# WSM using a lot of charcoal



## wrbasher (Aug 5, 2015)

I recently picked up the wsm 22.5 and this thing uses a ton of fuel. I had the day off of work so I decided I would do some abt's early and ribs for dinner. Knowing I would be running the smoker all day, I filled the charcoal ring. I've read about people getting 16-18 hours on a single fill.

It was about 70 degrees and winds up to about 20 mph in wny today. I was using kbb charcoal and started with the minion method. I began with about half a chimney of briquetes. Smoker was running at 225 pretty steadily with lower dampers wide open. The garbage cans and box the smoker came in served as a wind break. Fire was started about ten am and needed more fuel approx 5 pm. 
Seems to me that about 20 lbs of charcoal should last more than seven hours at 225. I can't seem to catch a calm day to smoke to determine if the wind is the culprit. Any ideas would be welcome.


----------



## sfprankster (Aug 5, 2015)

On my 18.5 WSM, I smoked several different meats over a 22 hour period @ 225(less than 12-15 lbs of charcoal total). I only added charcoal once, after 18 hours and I'm not really sure I needed it. The 22.5 is going to need more fuel, due to the increased size and volume, but 20 lbs seems a bit much for only 7 hours.

On my 18.5, I only need to keep a single lower vent slightly open, 33-50%,  to maintain a steady 225-230.


----------



## wrbasher (Aug 5, 2015)

That's the kind of consistency I'm looking for!  I forgot to mention I filled the water pan with hot water.


----------



## sfprankster (Aug 5, 2015)

I have never used any liquid in the water pan. The water in the pan will take more energy and heat, than the WSM itself.


----------



## damon555 (Aug 5, 2015)

The water pan doesn't need water....you can run it a few different ways. I prefer sand.....others prefer ceramic saucers....other prefer nothing at all. Your WSM will use a lot of fuel at first. As it gets sealed up your charcoal consumption will go down significantly.


----------



## noboundaries (Aug 6, 2015)

Wow, yeah, 7 hours on 20 lbs.  I easily get 20 hours out of a 20 lb bag.  The filled water pan is definitely the culprit due to physics.  Water, no matter how much heat you add to it, is only going to heat to 210F.  
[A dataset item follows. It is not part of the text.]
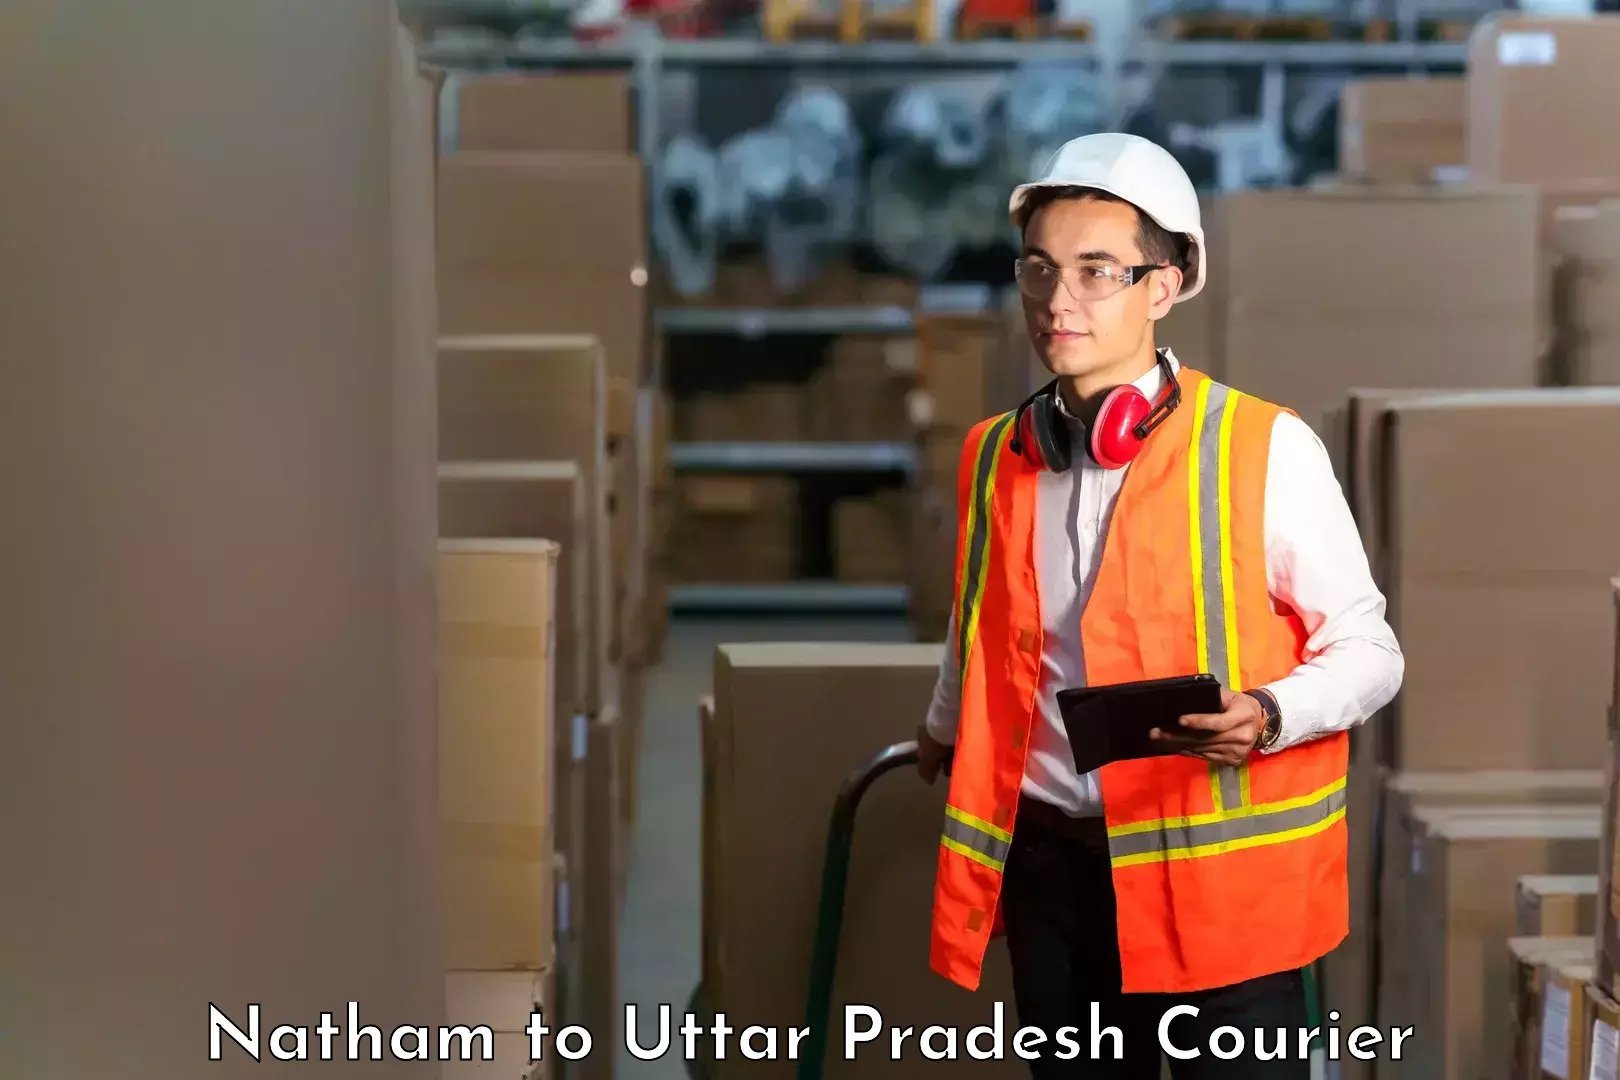 Courier service comparison Natham to Tilhar

I rarely put water in my water pan.


----------



## wrbasher (Aug 6, 2015)

I'll try running it with no water next time. With any luck the wind won't be gusting (seems the wind know what days I'm off of work). At this pace, charcoal better go on sale again real soon! Despite the charcoal use, I should mention that the ribs turned out awesome!












20150805_183834.jpg



__ wrbasher
__ Aug 6, 2015


----------



## phatbac (Aug 6, 2015)

Try putting some aluminum foil over your water pan with nothing in it and use that air pocket as the heat shield. I run mine  hotter (250-275) but i also use royal oak lump charcoal not kingsford. I can use a bout 3.5 lbs of royal oak for about  6-7 hours at 275. I like the flavor of KBB for the grill (like bugers and dogs etc.) but try some royal oak lump for the low and slow, does burn a little hot but flavor is really good.

Hope that helps

Happy Smoking,

phatbac  (Aaron)


----------



## wrbasher (Aug 26, 2015)

Just an update, I did some ribs and a London broil over the weekend. Left the water pan empty and moved smoker behind the car hole (garage) where the wind is minimized. After 6 hours of chugging along at 230-250, still had half a ring of charcoal left and it was much easier at maintaining temp. I have to conclude that the wind was the biggest factor in chewing through charcoal and low temps.


----------



## jcollins (Aug 26, 2015)

The more you smoke with it the better seasoned it will be the more efficient it will be as well... but like said above the combo of water in the pan wind and lack of seasoning ad alot to to with it and running your smoker at higher heats will cause it to eat coal


----------



## fdannyw (Aug 26, 2015)

I have to agree with jc the more you season and the rest it will take time getting use to controlling your smoker


----------



## jirodriguez (Aug 26, 2015)

Wind it the biggest enemy, I have a 6 ft. x 8 ft. welding blanket I use to wrap mine on windy days, and it works like a charm. I fill my pan with hot water, and on one 20 lb. bag of charcoal I can run at least 18+ hrs. even in the dead of winter on a windy day.













DSCN0078.JPG



__ jirodriguez
__ Feb 28, 2015


----------



## b-one (Aug 26, 2015)

You can also cut back on how much hot coals you start with. I only have a 18.5 but only light 10-15 briquettes to start smoking.


----------



## dirtsailor2003 (Aug 26, 2015)

I've mentioned it many times here before. Using a propane torch to light your fuel is the most efficient method of lighting a charcoal BBQ. I've never gone through 10 pounds of charcoal in my WSM on longer smokes (16-20 hrs).By using the torch you aren't losing charcoal by ore burning it outside the smoker. You get up to temp in under ten minutes and you get no white smoke. Just saying give it a try. I works great.


----------



## krubby (Aug 26, 2015)

I have the WSM 22.5, still kind of a newbie (have had it for about 9 months, maybe 10-15 smokes under my belt).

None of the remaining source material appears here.